| HN Mirror

Y	Hacker News new \| ask \| show \| jobs


	by ru552 104 days ago
	You won't like it, but the answer is Apple. The reason is the unified memory. The GPU can access all 32gb, 64gb, 128gb, 256gb, etc. of RAM. An easy way (napkin math) to know if you can run a model based on it's parameter size is to consider the parameter size as GB that need to fit in GPU RAM. 35B model needs atleast 35gb of GPU RAM. This is a very simplified way of looking at it and YES, someone is going to say you can offload to CPU, but no one wants to wait 5 seconds for 1 token.

2 comments

samtheprogram 104 days ago

That estimate doesn't account for context, which is very important for tool use and coding.

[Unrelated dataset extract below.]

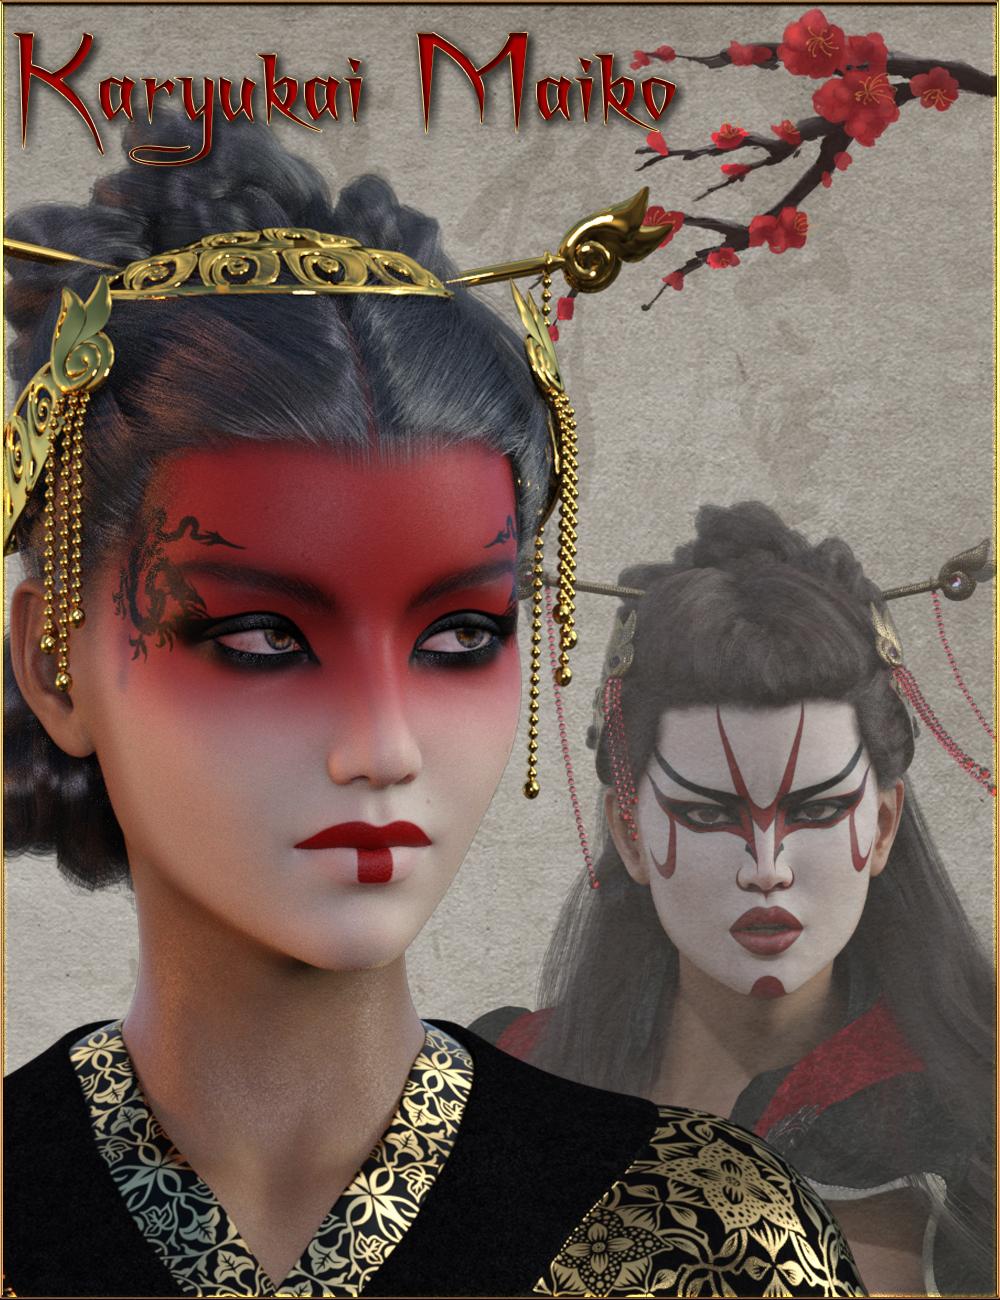 Karyukai Maiko for Genesis 8 Female(s) by: gypsyangelilona, 3D Models by Daz 3D

I used this napkin math for image generation, since the context (prompts) were so small, but I think it's misleading at best for most uses.

link

sliken 104 days ago

> You won't like it, but the answer is Apple.

Or strix halo.

Seems rather over simplified.

The different levels of quants, for Qwen3.6 it's 10GB to 38.5GB.

Qwen supports a context length of 262,144 natively, but can be extended to 1,010,000 and of course the context length can always be shortened.

Just use one of the calculators and you'll get much more useful number.

link

3836293648 104 days ago

What Strix Halo system has unified memory? A quick google says it's just a static vram allocation in ram, not that CPU and GPU can actively share memory at runtime

link

sliken 103 days ago

All. Keep in mind strix != strix halo.

You can get tablets, laptops, and desktops. I think windows is more limited and might require static allocation of video memory, not because it's a separate pool, just because windows isn't as flexible.

With linux you can just select the lowest number in bios (usually 256 or 512MB) then let linux balance the needs of the CPU/GPU. So you could easily run a model that requires 96GB or more.

link

ac29 103 days ago

> What Strix Halo system has unified memory?

All of them. The static VRAM allocation is tiny (512MB), most of the memory is unified

link